Nach Ansicht des Politikwissenschaftlers Mete Kaan Kaynar leiden die Wähler  der Opposition unter einem „politischen Trauma“: Die Hoffnungen auf einen politischen Wandel waren vor den Wahlen sehr groß, umso enttäuschter waren die Anhänger nach der Niederlage ihres Kandidaten. Anders als in Europa sind Wahlen in der Türkei praktisch die einzige Möglichkeit der politischen Partizipation. Politische Parteien stehen im Zentrum allen politischen Handelns. Das fördert traumatische Erfahrungen“, sagt Kaan Kaynar.

Die Anhänger der Opposition – so sehen es Beobachter der türkischen Politik – müssen wieder Hoffnung schöpfen, um dieses Trauma zu überwinden. Vor allem mit Blick auf die anstehenden Kommunalwahlen im März 2024. Doch die einst hoffnungsvolle türkische Opposition ist seit dem Debakel bei den Präsidentschafts- und Parlamentswahlen verstummt.

Engagiert bis zur Erschöpfung

Es gab zwei Oppositionsbündnisse: Das „Bündnis der Nation“ unter Führung des Präsidentschaftskandidaten Kemal Kılıçdaroğlu und das „Bündnis für Arbeit und Freiheit“ unter Führung der pro-kurdischen Yeşil Sol Parti (Grüne Linke Partei). Letzteres Bündnis unterstützte Kılıçdaroğlu bei seiner Präsidentschaftskandidatur.

CHP-Chef Kemal Kilicdaroglu bei einer Pressekonferenz (Foto: picture-alliance)
Unbeirrbar: Laut einer Umfrage vom Juli 2023 wollen mehr als 60 Prozent der Wähler, die für den CHP-Vorsitzenden und oppositionellen Präsidentschaftskandidaten Kemal Kılıçdaroğlu gestimmt haben, dass er zurücktritt.
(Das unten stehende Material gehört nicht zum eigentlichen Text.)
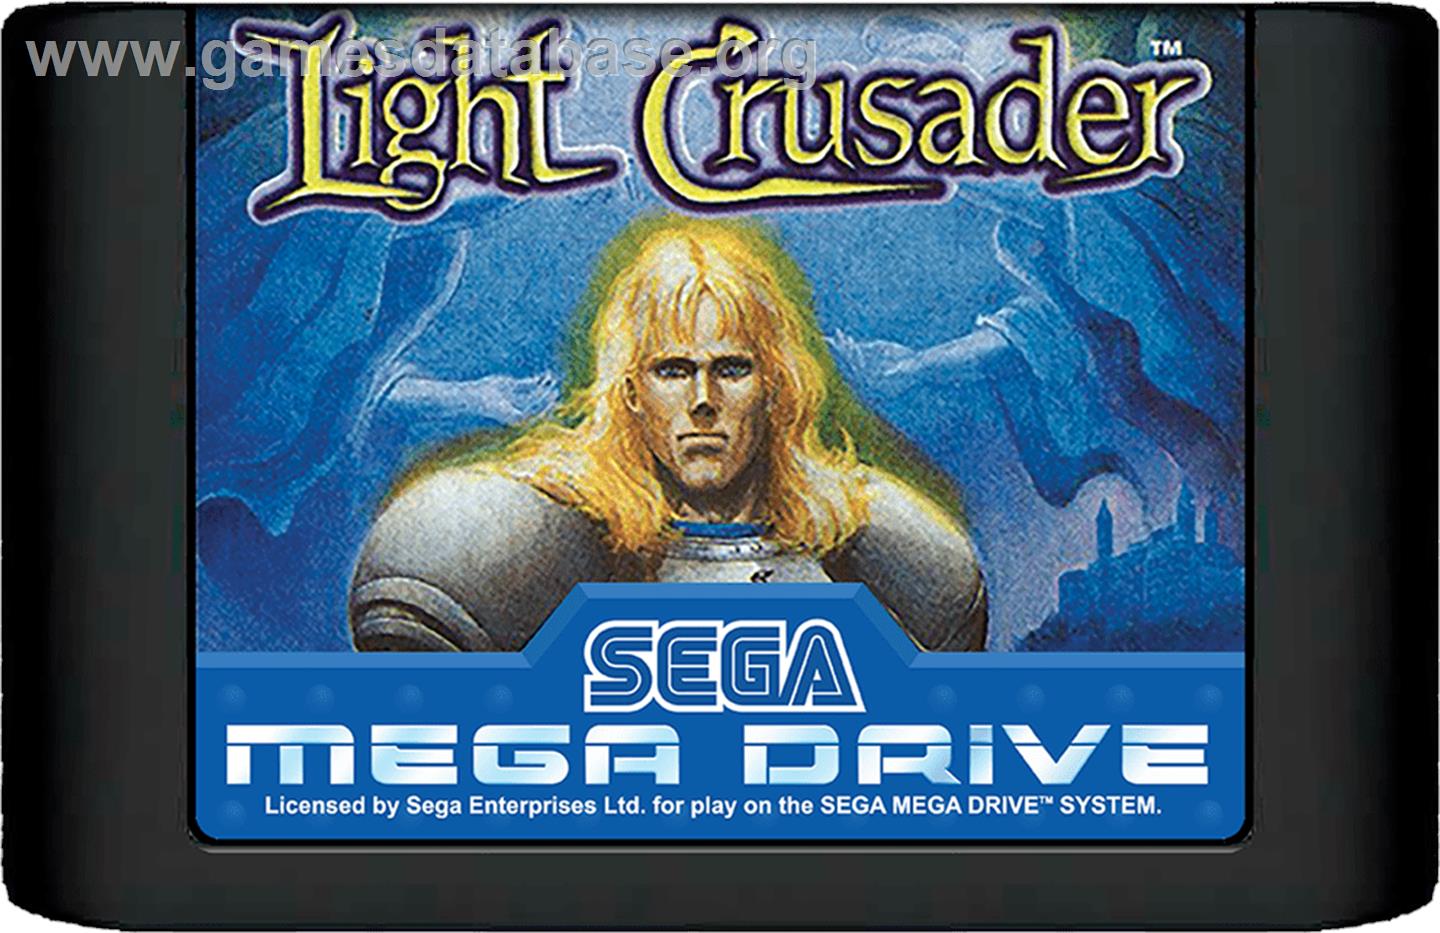 Light Crusader - Sega Genesis - Artwork - Cartridge

Kılıçdaroğlu lehnt dies ab. Im Gegenteil: Er hat mehrfach erklärt, auch bei den Kommunalwahlen 2024 die Verantwortung für die Führung seiner Partei und der Opposition übernehmen zu wollen

Das Bündnis der Nation umfasst sechs Parteien. Die beiden größten Parteien in  diesem Bündnis waren Kılıçdaroğlus sozialdemokratisch geprägte Republikanische Volkspartei (CHP) und die säkulare nationalkonservative Gute Partei (İyi Parti / IYI) unter Führung von Meral Akşener. Weitere Bündnispartner waren die gemäßigt religiöse Glückseligkeitspartei (Saadet Partisi) und drei Mitte-Rechts-Parteien: die Demokratische Partei, die Partei für Demokratie und Wohlstand und die Zukunftspartei.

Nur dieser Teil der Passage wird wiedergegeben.